HII Research Computing Infrastructure

In collaboration with USF RC HII has access to over 9000 cores, 32 TB of memory, and 3 PB of storage for large-scale Bioinformatics and Genomic workloads.

Network connectivity is comprised of both 32 Gbps QDR Infiniband as well as cluster-to-cluster 100 Gbps over the USF "Research Rail" for large-scale data transfers between computing centers.

The infrastructure is continually updated with recent additions including:

  • DDN GPFS cluster providing 2.5 PB of scalable high-performance storage
  • DDN GPFS metadata server for increased transactional, high-throughput computing
  • 2 high-memory compute nodes each with 28 cores and 1024 GB of memory
  • 40 high-performance compute nodes each with 24 cores and 128 GB of memory
  • 40 high-performance compute nodes each with 16 cores and 128 GB of memory
  • 100 Gbps network technology implementing the USF "Research Rail"

HII has positioned itself to accommodate extremely large data sets through the development of a comprehensive Big Data Infrastructure.

Examples of Big Data in the life sciences include biomarkers, SNP, gene expression, microbiome, viral metagenomics, metabolomics, whole genome sequencing, proteomics, electronic medical records, and DICOM medical images.

With the unprecedented amount of data collected daily through advancements in data generation and capture techniques, datasets are increasingly so large and complex that they outstrip even the most advanced of conventional approaches to data management, processing, and analysis.

This Big Data problem represents a new epoch in data science and brings significant challenges in the transfer, storage, curation, allocation, and analysis of data. These challenges demand the integration of the most advanced technologies available with innovative approaches to high performance computing truly leveraging the potential of Big Data. With the advancements in computer and data science, questions which were previously unrealistic to investigate can now determine from the data. Big Data has the potential to revolutionize research, especially in the field of biomedical science.

To provide researchers, analysts, and developers with meaningful datasets, the data acquired by HII must be aggregated. Data aggregation involves the application of a variety of techniques to combine data together from various, disparate sources in a way that facilitates analysis. The data aggregation component is comprised of a data warehouse, online analytical processing (OLAP), reporting services, and the SAS Grid. HII has developed a large scale data warehouse infrastructure to provide enhanced data extraction, transformation, and loading of data for analytical consumption. The data warehouse infrastructure provides historical snapshots of aggregate data used for ad-hoc queries and reporting. It consists of a hub and spoke architecture providing business users with the ability to keep existing data marts to suit their needs.
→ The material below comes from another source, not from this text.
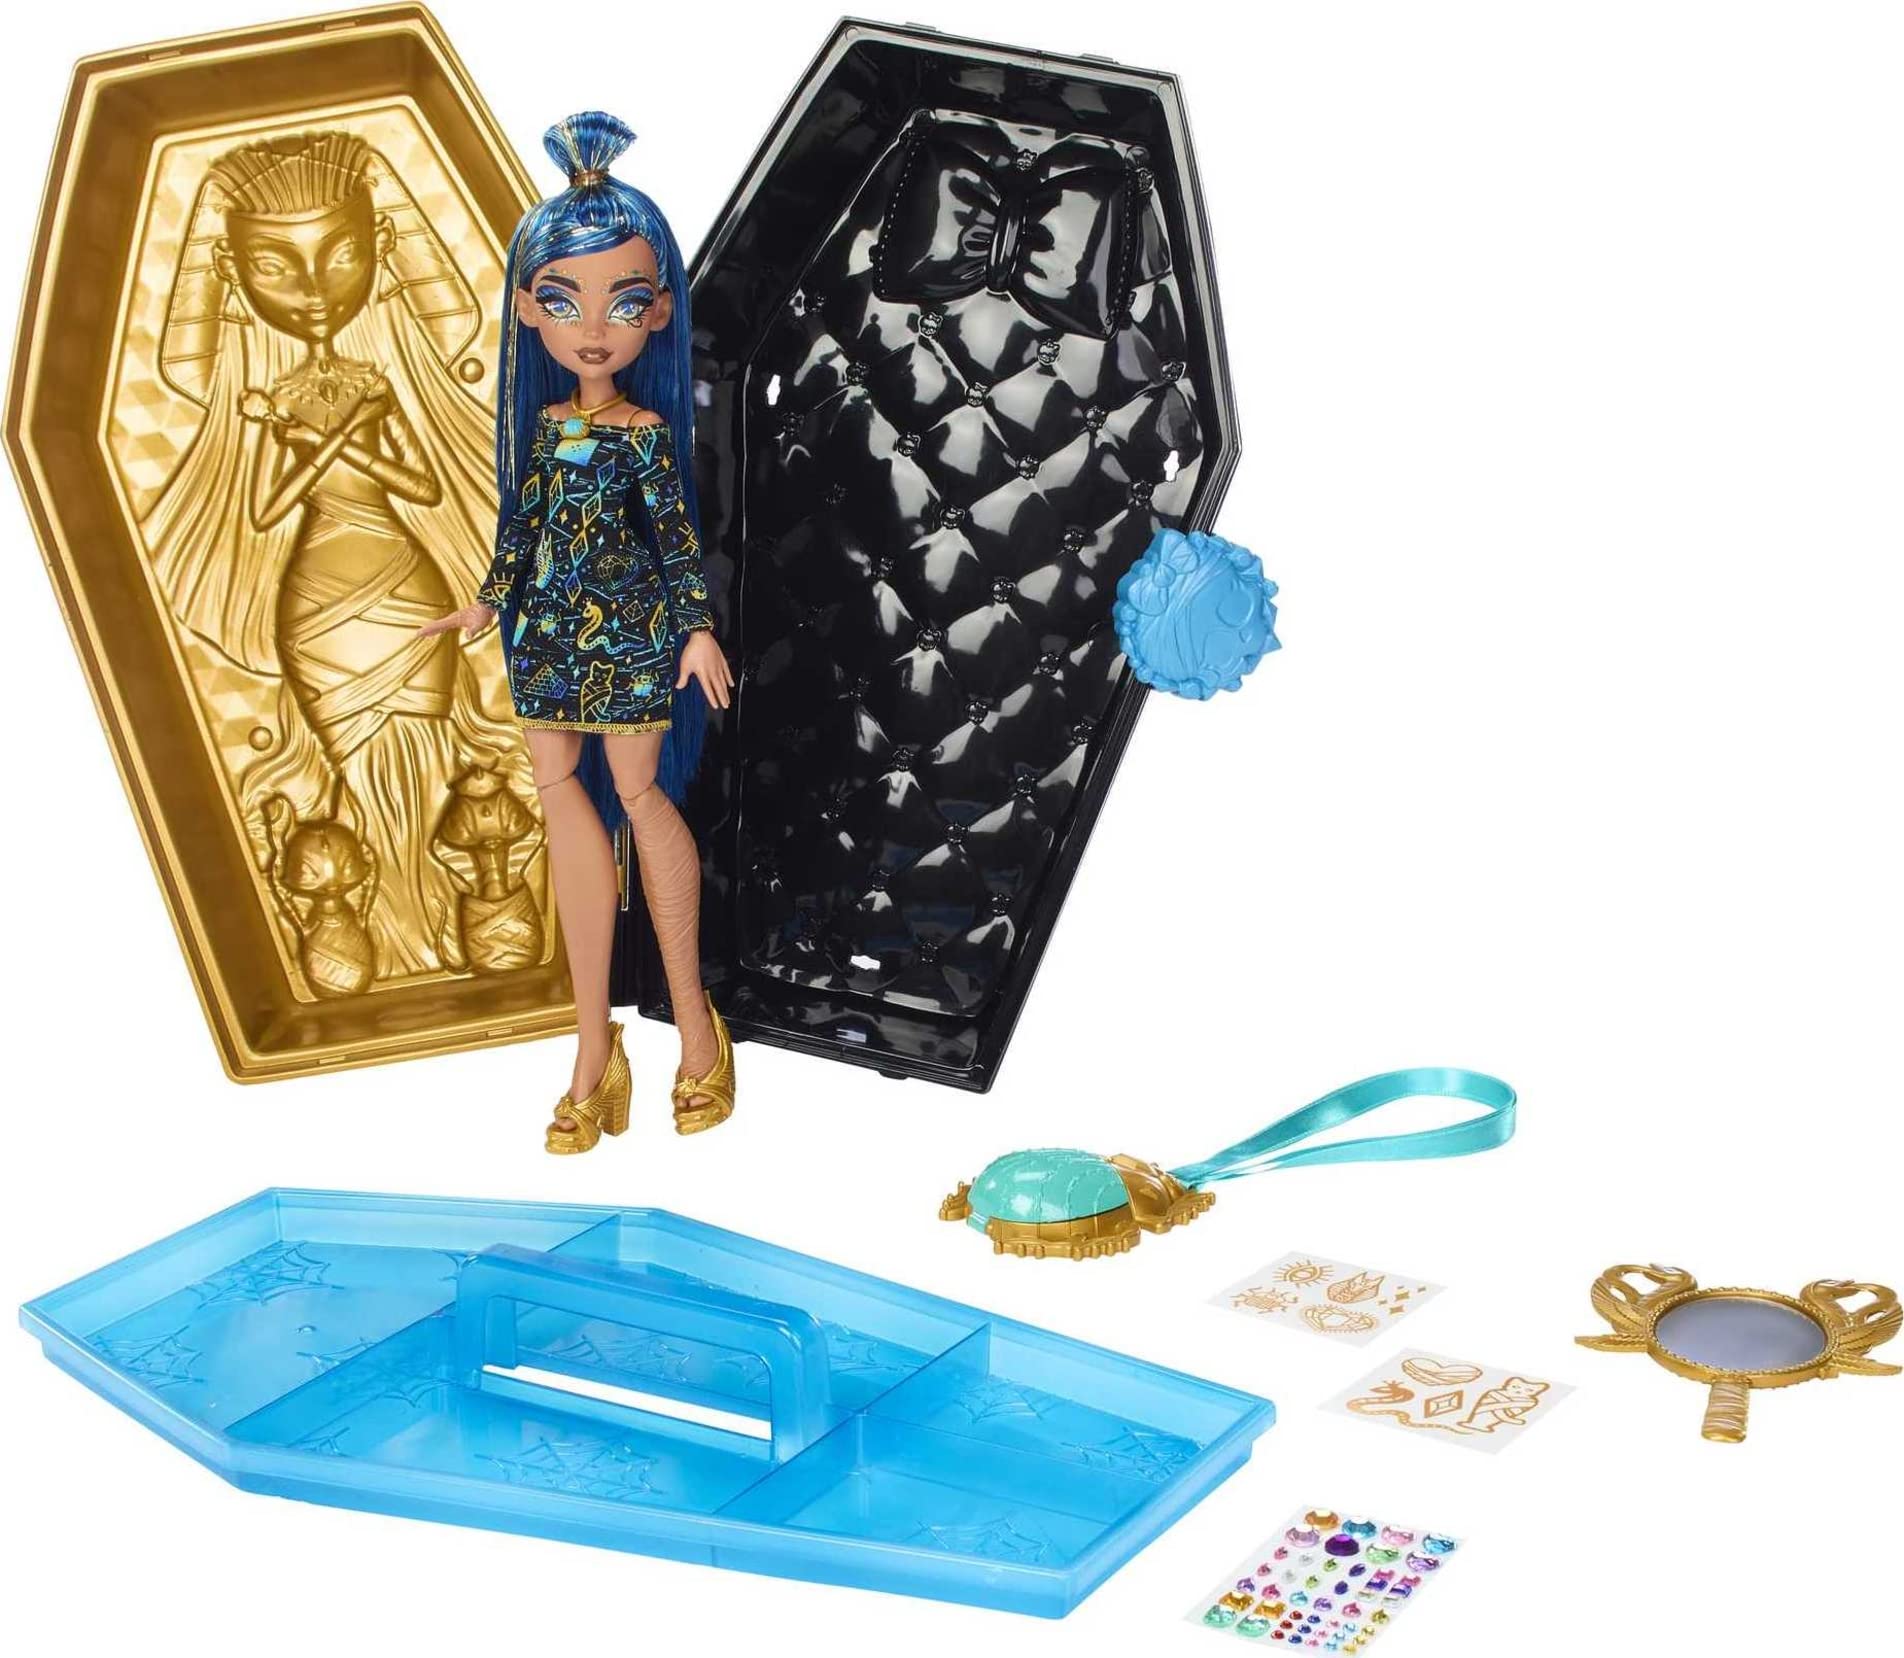 Monster High Doll and Beauty Kit, Cleo De Nile Golden Glam Case with Tattoos and Necklace for Kids (Amazon Exclusive)

Aggregated datasets are replicated and stored within the data warehouse, both to protect the integrity of research data from the real-time churn of system transactional data and to keep datasets specific to one researcher or manuscript in a separate, pristine state. OLAP cubes are employed to provide SAS developers and biostatisticians with aggregate datasets. An OLAP cube is a multidimensional dataset that provides quick access to pre-summarized data generated from large conglomerate datasets. Data retrieval speed is significantly enhanced by the pre-aggregation of data cubes, allowing for the analytical process to occur in a timely and rapid fashion. The actual aggregation process deriving summary data from data stored in the data warehouse, which is then stored hierarchically within the cube. Data is backed up nightly to a data de-duplication appliance and offloaded on an as-needed basis to a high capacity sixth generation of linear tape open tape library using a linear tape file system backup appliance to free high-performance data storage.

HII operates a strict backup schedule. Transactional data is backed up nightly to a data de-duplication appliance and is copied weekly to a tape library with high capacity fifth generation of Linear Tape Open (LTO-5) drives. For our HPC storage needs, we utilize IBM’s General Parallel File System (GPFS) high-performance clustered file system. GPFS provides concurrent high-speed file access to massive parallel sequencing applications executing on multiple nodes in our HPC Linux clusters.

Storage: Short-term

HII currently manages 1.2 Petabytes of raw storage capacity. The Institute is in the process of acquiring an additional 480 Terabytes of high performance storage with transfer rates of up to 36GB/s and with growth capacity of up to 6 Petabytes. Our storage infrastructure relies on a multi-protocol and multi-tier set of technology targeted to storing and archiving information in the most cost effective, reliable, efficient and compliant way.

Storage: Long-term

Monthly tape backups are retained indefinitely while all other tapes are on a three month rotation. Tapes with full back up images and on-demand archives are sent off-site weekly to an Iron Mountain storage facility.